DTOR: Decision Tree Outlier Regressor to explain anomalies

Riccardo Crupi,Daniele Regoli,Alessandro Damiano Sabatino,Immacolata Marano,Massimiliano Brinis,Luca Albertazzi,Andrea Cirillo,Andrea Claudio Cosentini
2024-05-13
Abstract:Explaining outliers occurrence and mechanism of their occurrence can be extremely important in a variety of domains. Malfunctions, frauds, threats, in addition to being correctly identified, oftentimes need a valid explanation in order to effectively perform actionable counteracts. The ever more widespread use of sophisticated Machine Learning approach to identify anomalies make such explanations more challenging. We present the Decision Tree Outlier Regressor (DTOR), a technique for producing rule-based explanations for individual data points by estimating anomaly scores generated by an anomaly detection model. This is accomplished by first applying a Decision Tree Regressor, which computes the estimation score, and then extracting the relative path associated with the data point score. Our results demonstrate the robustness of DTOR even in datasets with a large number of features. Additionally, in contrast to other rule-based approaches, the generated rules are consistently satisfied by the points to be explained. Furthermore, our evaluation metrics indicate comparable performance to Anchors in outlier explanation tasks, with reduced execution time.
Machine Learning,Artificial Intelligence
What problem does this paper attempt to address?

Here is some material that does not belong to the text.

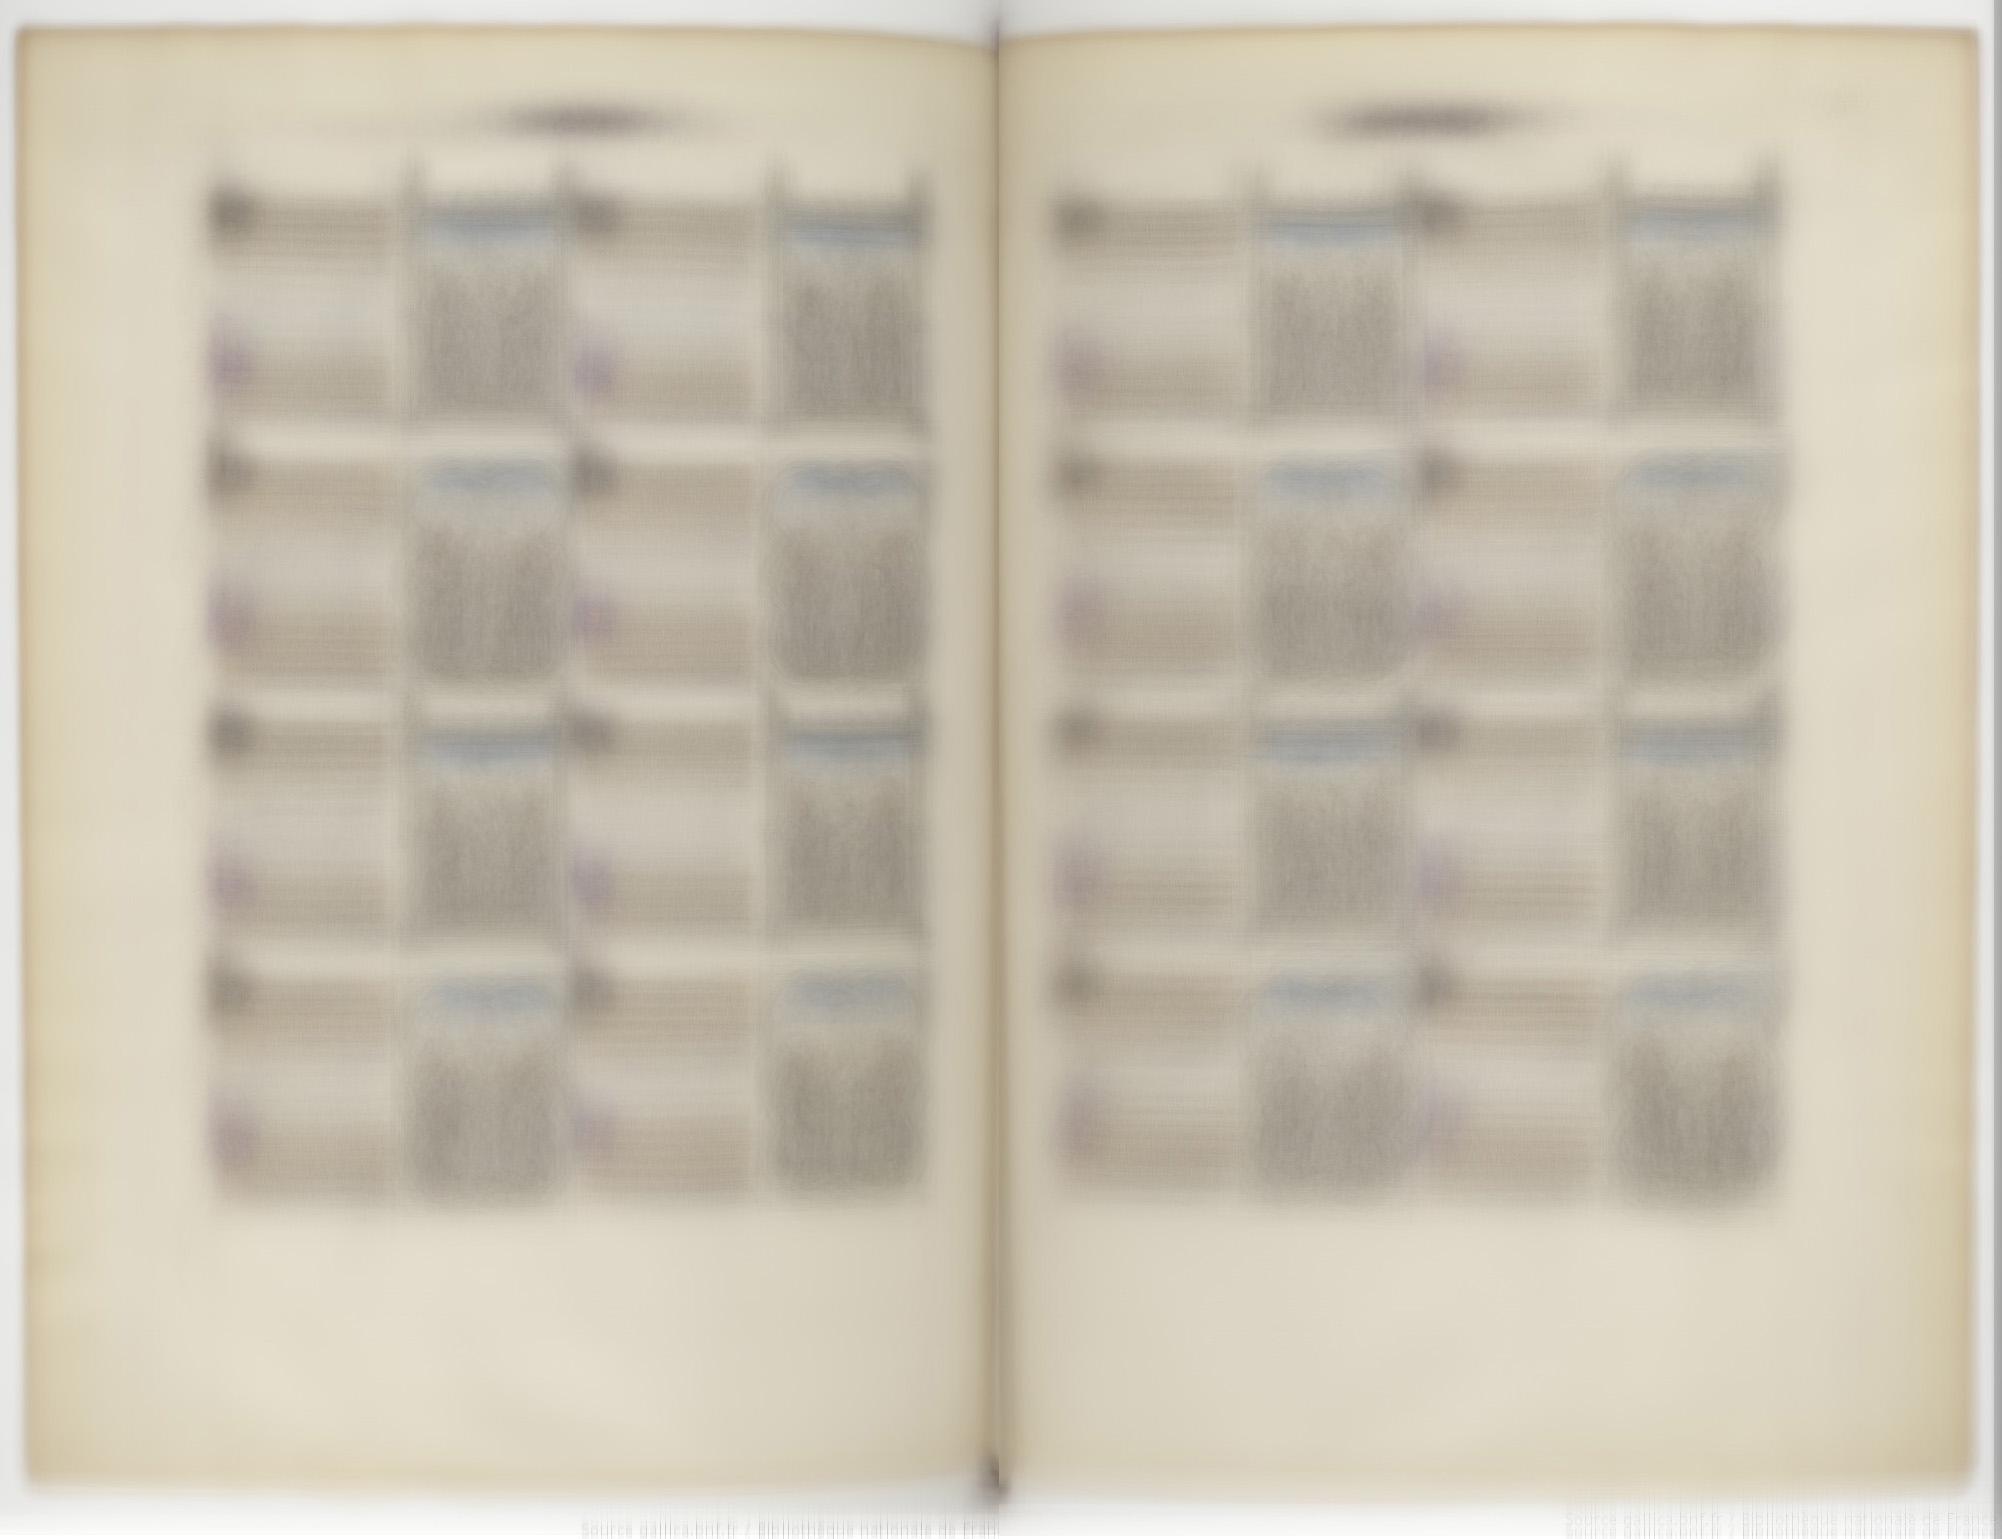 BNF Fr 167 (321 folios)

This paper proposes a solution to the interpretability problem in anomaly detection in machine learning. In internal audits in sectors such as banking, anomaly detection techniques are used to identify unusual data points such as faults, fraud, or threats. However, the interpretability of these techniques is a challenge because explanations need to be provided to internal auditors who may not have expertise in data analysis. Existing explanation methods, such as SHAP based on feature importance, may have limited interpretability in complex models or high-dimensional datasets. The paper introduces a new approach called Decision Tree Anomaly Regressor (DTOR), which generates rule-based explanations by estimating anomaly scores generated by the anomaly detection model. DTOR utilizes a decision tree regressor to compute the estimated score and extracts the paths associated with the data point's score. This approach performs robustly on datasets with a large number of features and generates more relevant rules for the data point to be explained. Compared to other rule-based explanation methods like Anchors, DTOR has shorter execution time and comparable performance in anomaly explanation tasks. The innovation of DTOR lies in its ability to provide transparent decision logic for anomaly detection models, enabling non-data scientists to understand the reasons for anomalies occurring and thus improving risk assessment and decision-making in banking systems. In this way, DTOR enhances the efficiency and security of internal audits in banking systems.